The following article is being reproduced with permission of its author, Kate Towell. Kate is a holistic wellness counselor who supports individuals to create the balanced, vibrant life they imagine.
Are you gluten intolerant?
I recently returned home from a trip to Costa Rica where I was helping out with a yoga teachers’ training. It was a great trip and I had the pleasure of meeting a fantastic group of women and was able to teach some Ayurveda, which I loved. One unexpected discovery of the trip, well post-trip, was that I am gluten intolerant! Let me back up a bit.
While in Costa Rica, I was treated to some amazing food. The cook at the Goddess Gardenwas fantastic. For two weeks I ate a mostly raw, nearly vegan diet. We had some cheese and the occasional egg but the rest was a feast of fresh fruits and veggies. It was basically an elimination diet and I didn't realize it until I returned home to my usually diet, which is pretty good I might add. I don't eat junk, processed foods and eat lots of fresh fruits and veggies.
So what happened?
Let’s talk gluten. Gluten is the protein found in wheat, rye, and barley. Gluten is also an inexpensive and widely used source of protein that can be consumed directly from wheat products or as an additive to increase the protein value of processed foods. More than 55 diseases have been linked to gluten. It’s estimated that 99% of the people who have either gluten intolerance or celiac disease are never diagnosed. It is also estimated that as much as 15% of the U.S. population is gluten intolerant. And I am one of them.
Here are some of the symptoms I experienced when I reintroduced gluten in my diet.
- Digestive issues such as gas, bloating, diarrhea. Constipation can also occur but I didn't experience that.
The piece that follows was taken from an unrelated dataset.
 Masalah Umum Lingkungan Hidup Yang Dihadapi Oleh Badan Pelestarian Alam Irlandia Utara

- Fatigue and feeling tired after eating a meal that contains gluten. I totally crashed on the couch several nights by 8:30 p.m. after having a meal that contained gluten.
- Chronic headaches.
Here are some other signs and symptoms of gluten intolerance:
- Diagnosis of an autoimmune disease, chronic fatigue or fibromyalgia.
- Hormone imbalances such as PMS or unexplained infertility.
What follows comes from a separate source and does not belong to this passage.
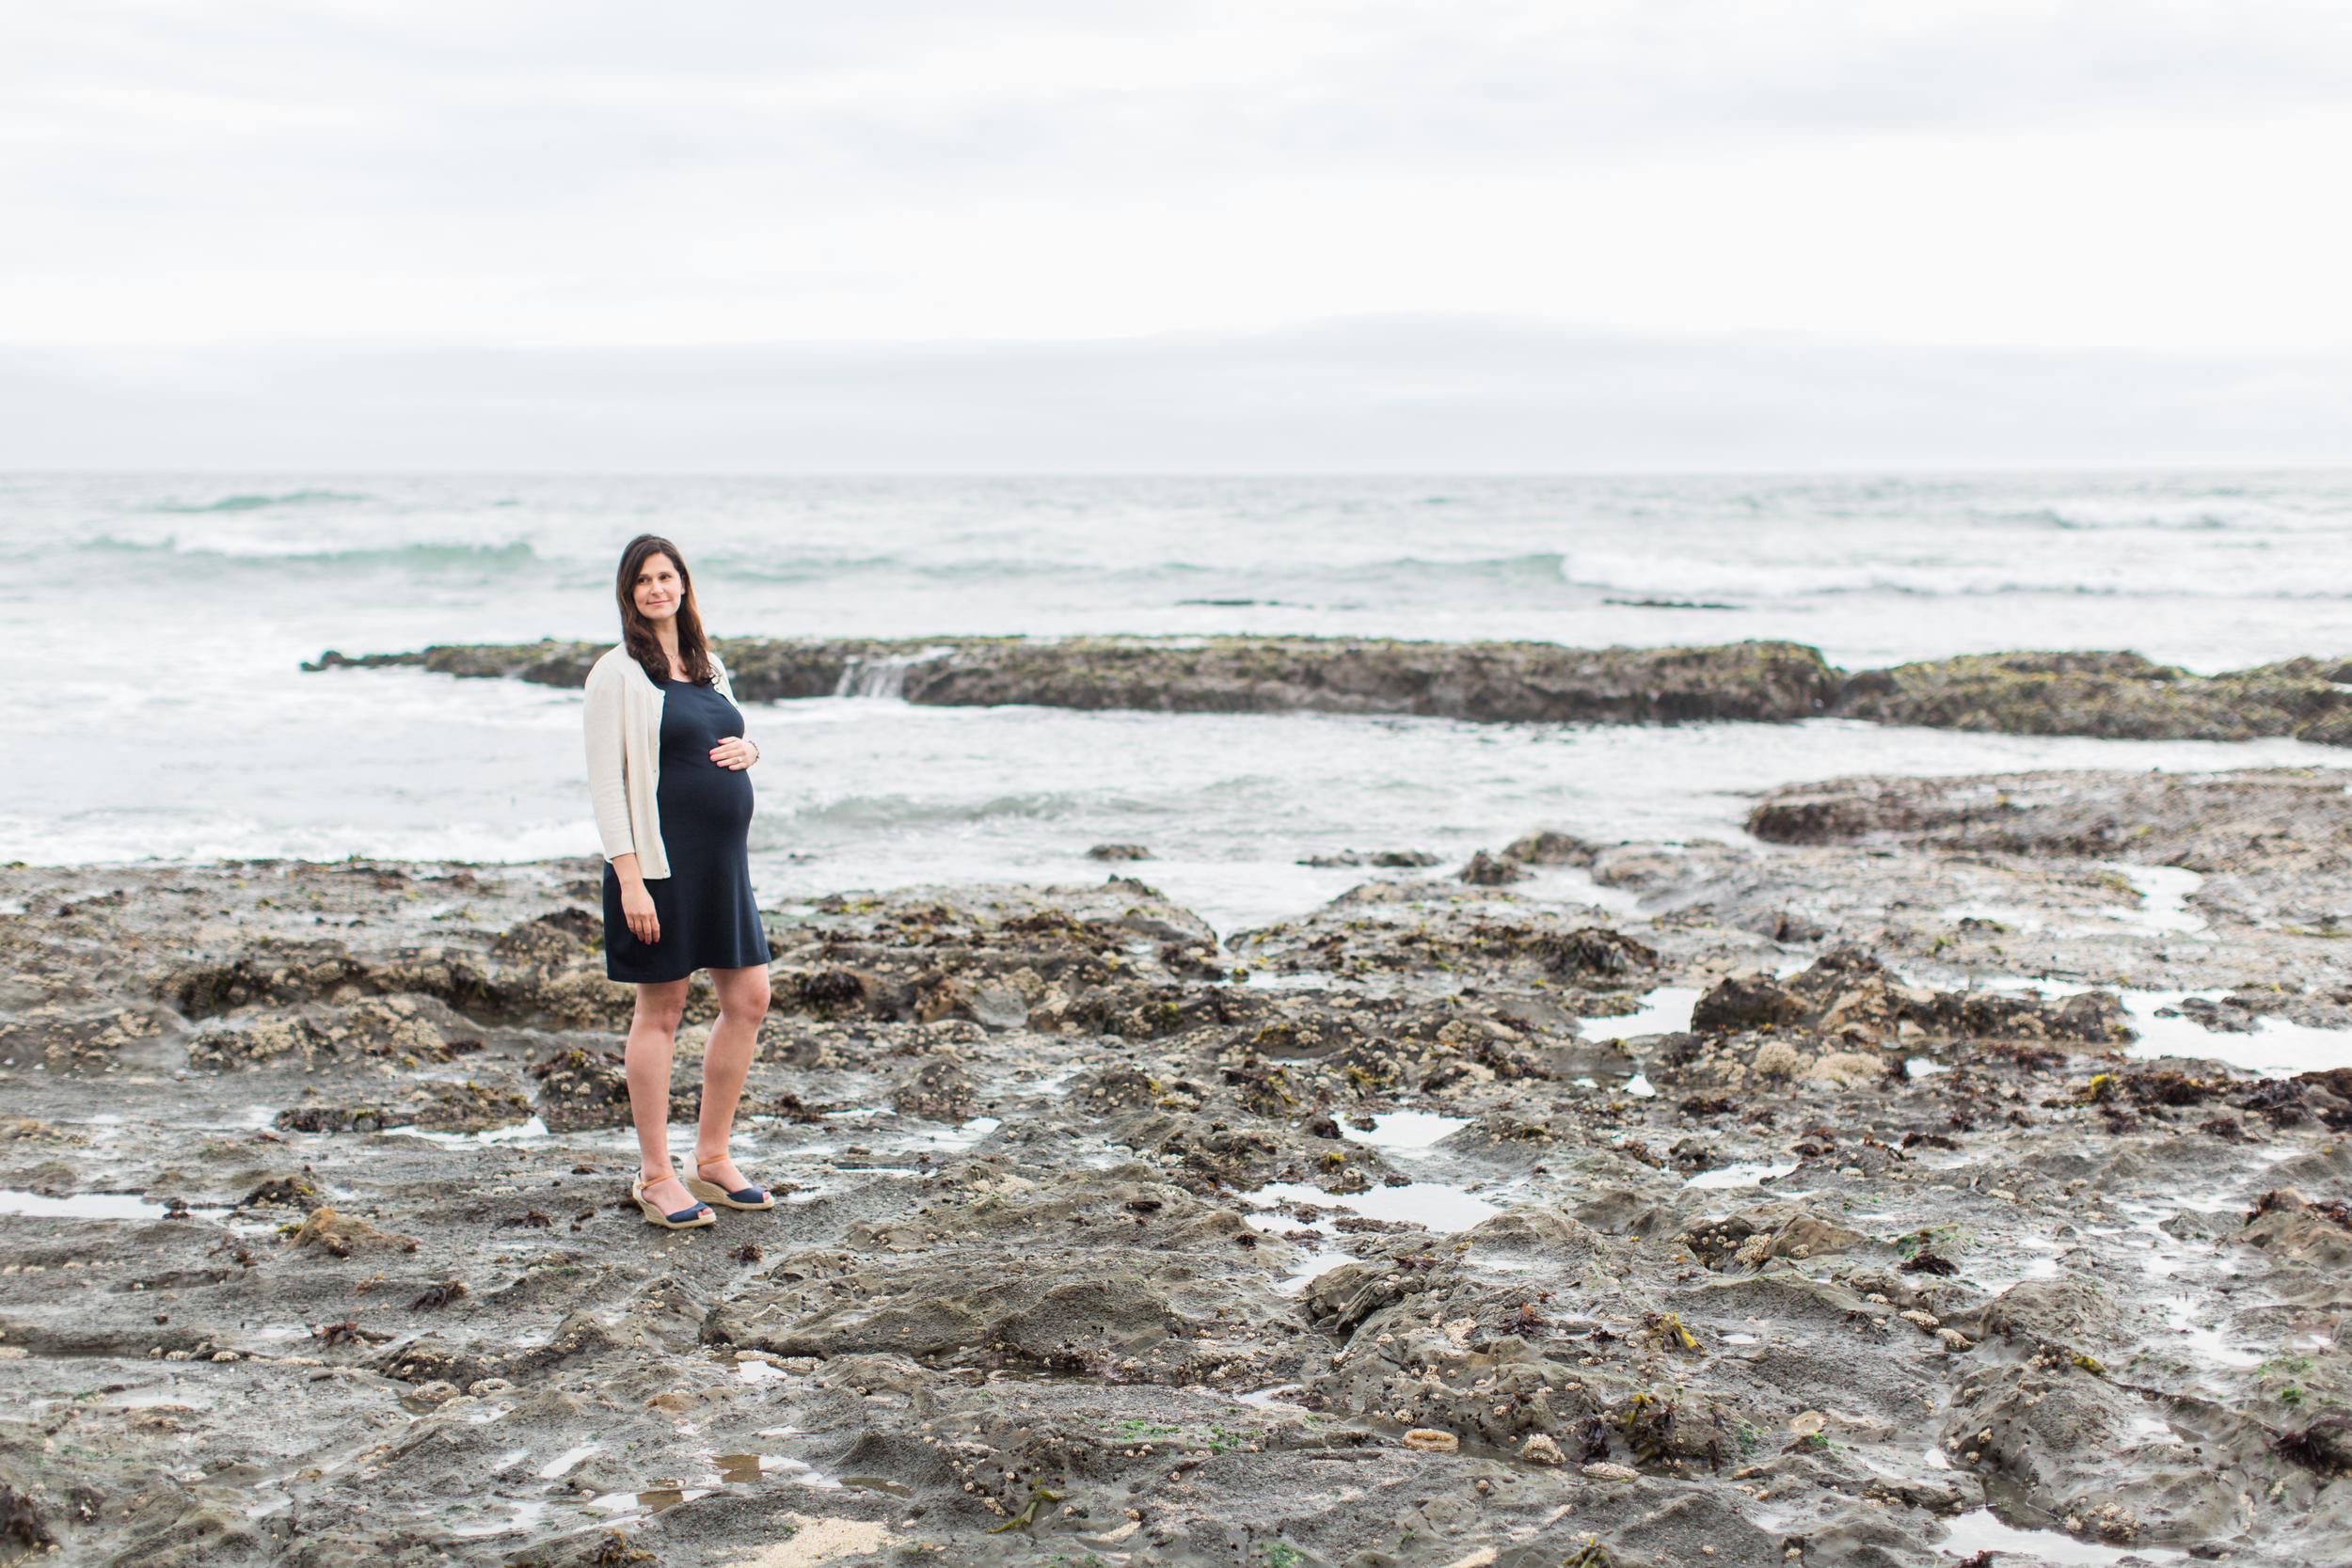 half-moon-bay-california-maternity-photography-1-10.jpg

- Inflammation, swelling or pain in your joints such as fingers, knees or hips.
- Mood issues such as anxiety, depression, mood swings and ADD.
How to test for gluten intolerance?
I have found the single best way to determine if you have an issue with gluten is to do an elimination diet —taking gluten out of your diet for at least two to three weeks and then reintroduce it back in. If you feel significantly better off of gluten or feel worse when you reintroduce it, then gluten is likely a problem for you. In order to get accurate results from this testing method you must eliminate 100% of the gluten from your diet.
The good news is that there are lots of yummy grains that are gluten free—including quinoa, brown rice, wild rice, millet, teff and most oats. Also there are lots of flours such as rice, almond and even coconut that you can use as an alternative. It just takes some time to read packages and switch to non-gluten grains. I will miss pizza though, but I am on the hunt for a gluten-free crust recipe.